Why worksheet.update_cells work is too slow?
I try do worksheet.update_cells 1, 1, array, where array.count 1000 rows and 15 columns.
It operation work is too slow, 30 seconds.
You write, what this method do not upload data to server (Google Drive).
After worksheet.update_cells I call worksheet.save.
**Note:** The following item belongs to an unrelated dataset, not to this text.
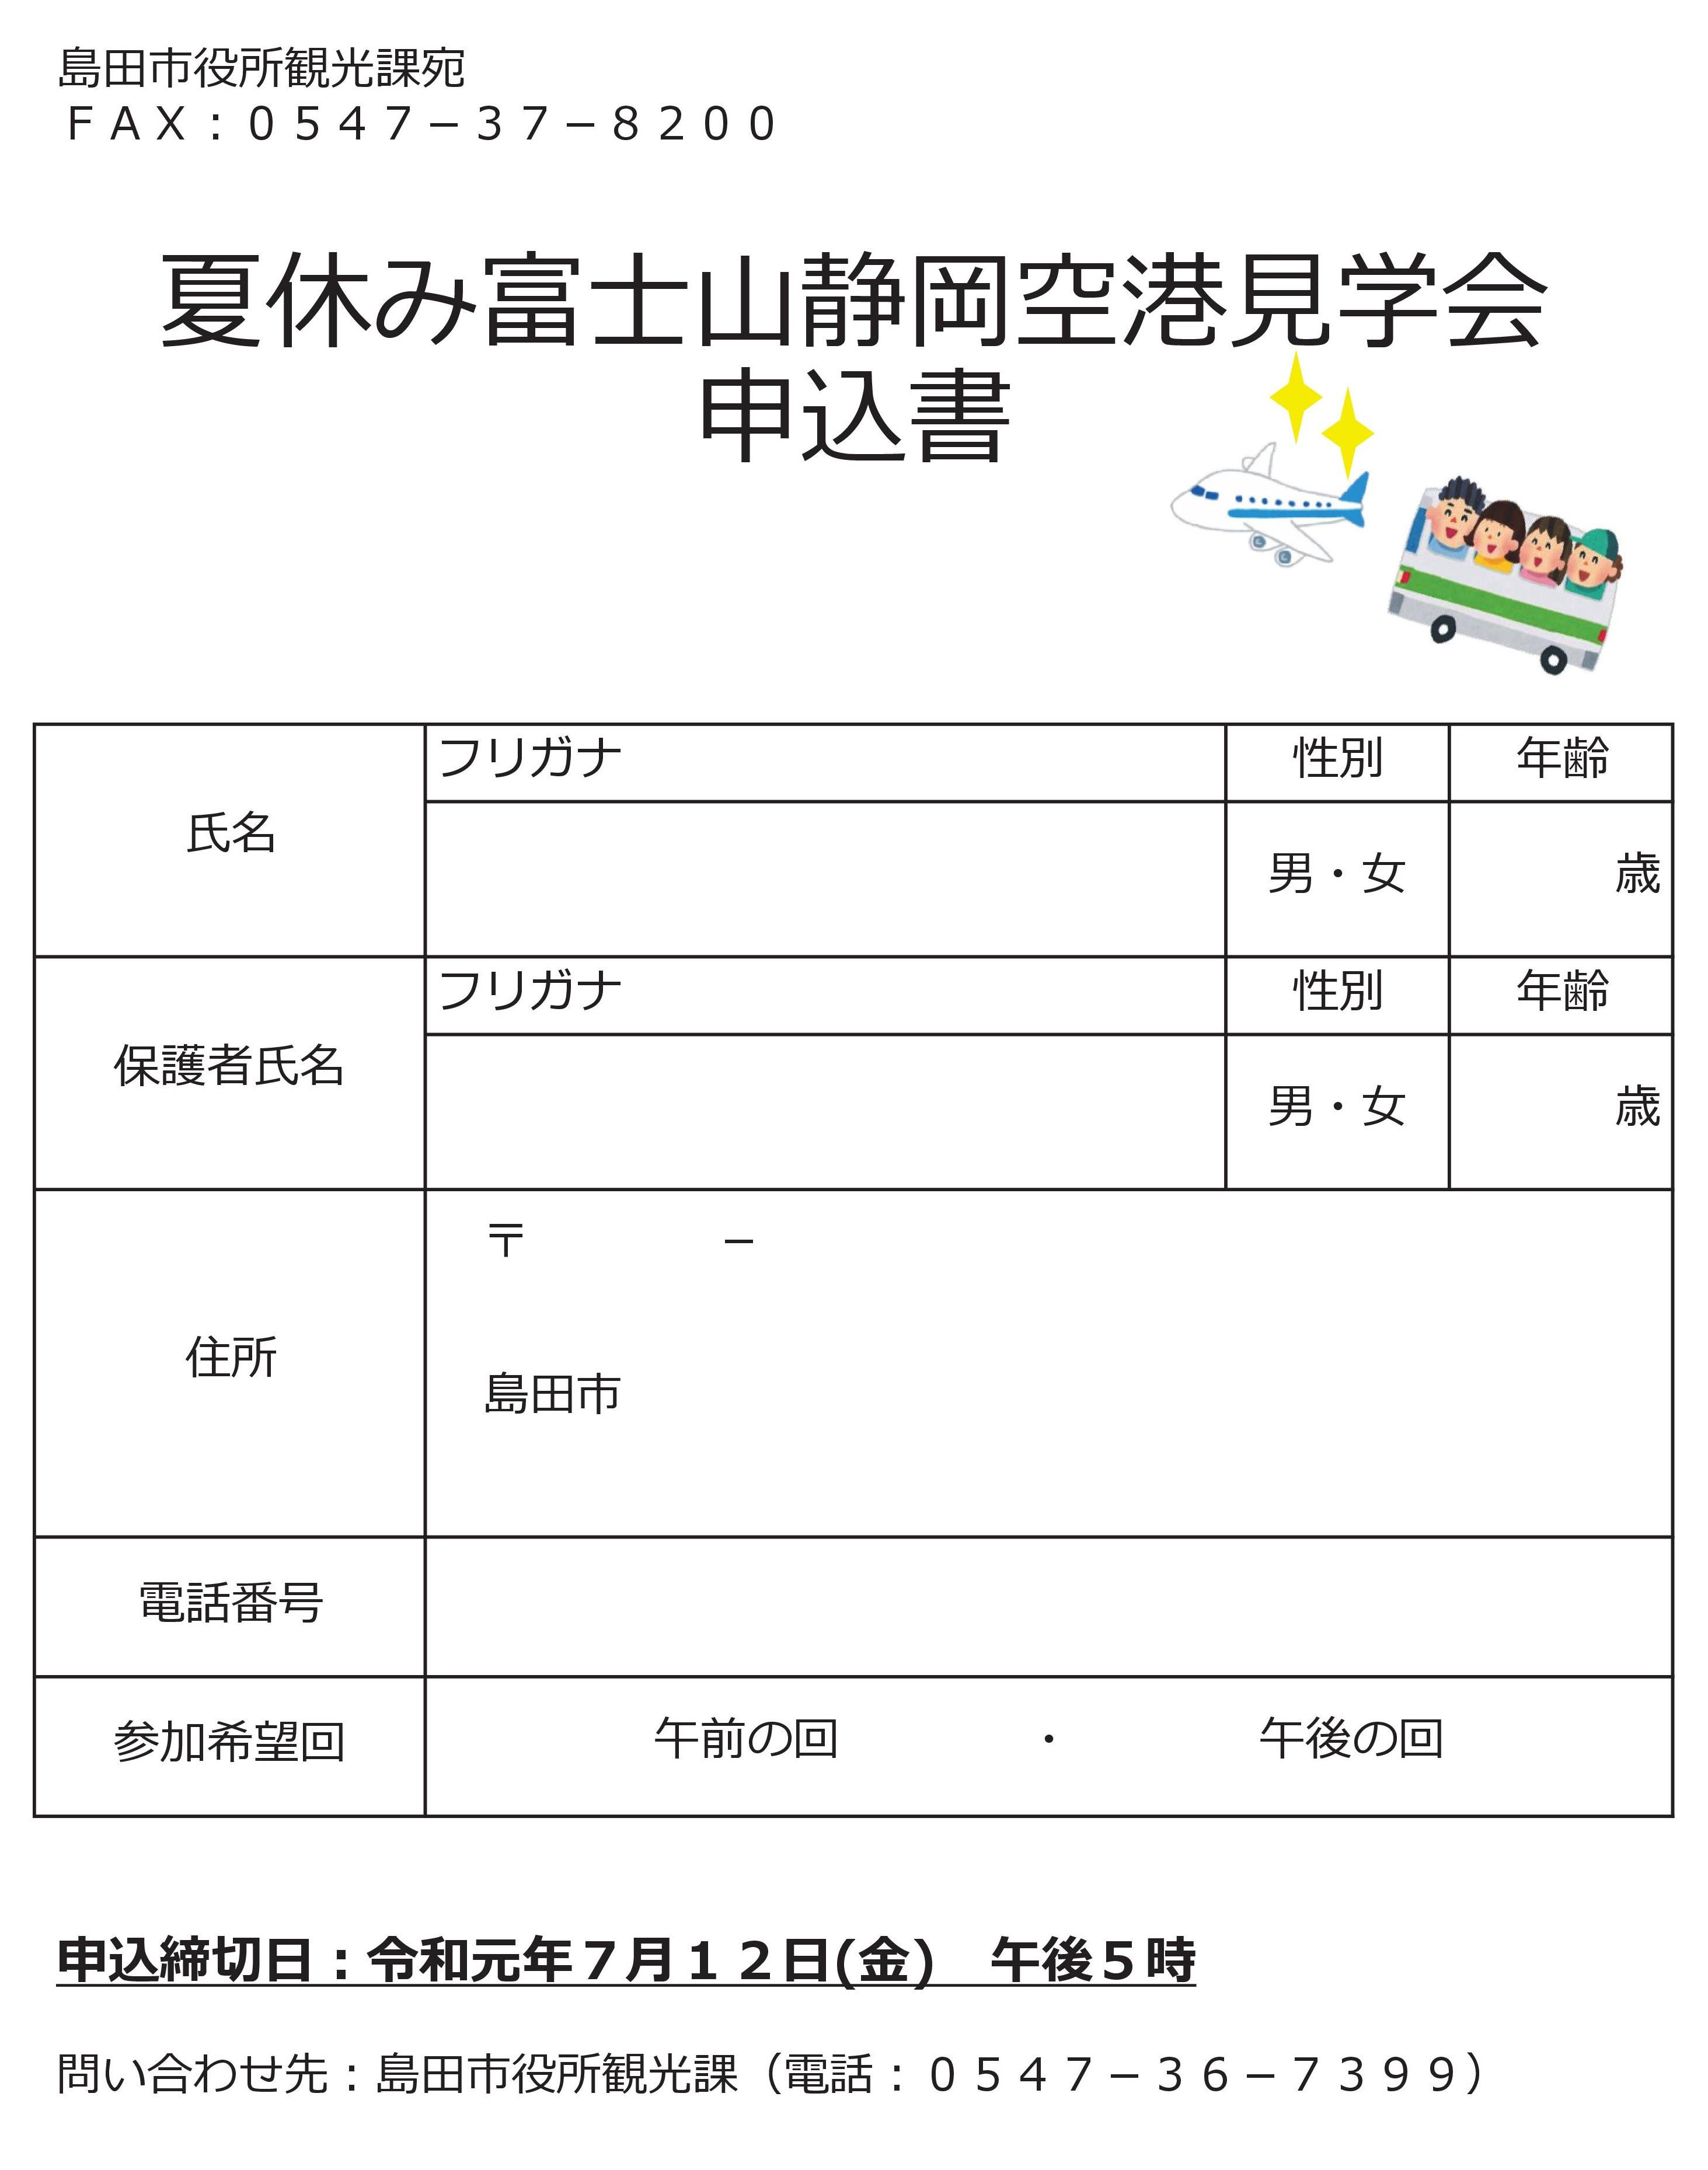 夏休み空港見学会チラシ-02

And this method work more 1.5 minutes.
Why?
sorry for my english...
log.debug :start_data if DEBUG
worksheet.update_cells 2, 1, orders
log.debug :stop_data if DEBUG
log.debug :start_save if DEBUG
worksheet.save
log.debug :stop_save if DEBUG
log.info orders_count: orders.count if DEBUG
↓
D, [2016-11-27T19:00:02.584455 #10110] DEBUG -- : :start_data
D, [2016-11-27T19:00:33.389481 #10110] DEBUG -- : :stop_data
D, [2016-11-27T19:00:33.389635 #10110] DEBUG -- : :start_save
D, [2016-11-27T19:01:32.302826 #10110] DEBUG -- : :stop_save
I, [2016-11-27T19:01:32.303079 #10110] INFO -- : {:orders_count=>1203}
Thanks for the report.
It may be related to #170, though not exactly sure without seeing profiling result for this case...
I proposed some ideas in https://github.com/gimite/google-drive-ruby/issues/170#issuecomment-153735846.
Just noticed that writing empty strings to cells (@ws[x, y] = '') is extremely slow (1 row/s vs. 1000+ rows/s). Using @ws[x, y] = string.presence || '-' as a workaround for now.
This may explain why changing the parser (#170) sometimes gives performance improvements.
Yes, as explained in https://github.com/gimite/google-drive-ruby/issues/170#issuecomment-153735846 , putting an empty value clears the cache, causing heavy recalculation. I wrote some ideas in https://github.com/gimite/google-drive-ruby/issues/170#issuecomment-153735846 .
Thanks for the great gem!
Doing something like this:
num_rows = ws.num_rows
num_cols = ws.num_cols
(1..num_rows).each do |row_number|
(1..num_cols).each do |column_number|
ws[row_number, column_number] = nil
end
end
ws.save
speeds up the first part with ws[] = nil. However, ws.save gives this error:
HTTPClient::KeepAliveDisconnected: Broken pipe
Doing this:
(1..ws.num_rows).each do |row_number|
(1..ws.num_cols).each do |column_number|
ws[row_number, column_number] = nil
end
end
ws.save
goes very slow on the ws[] = nil line, and I never got to ws.save on a sheet with 45,000 rows.
Hmm you may workaround the HTTPClient error by calling save() occasionally during the iteration?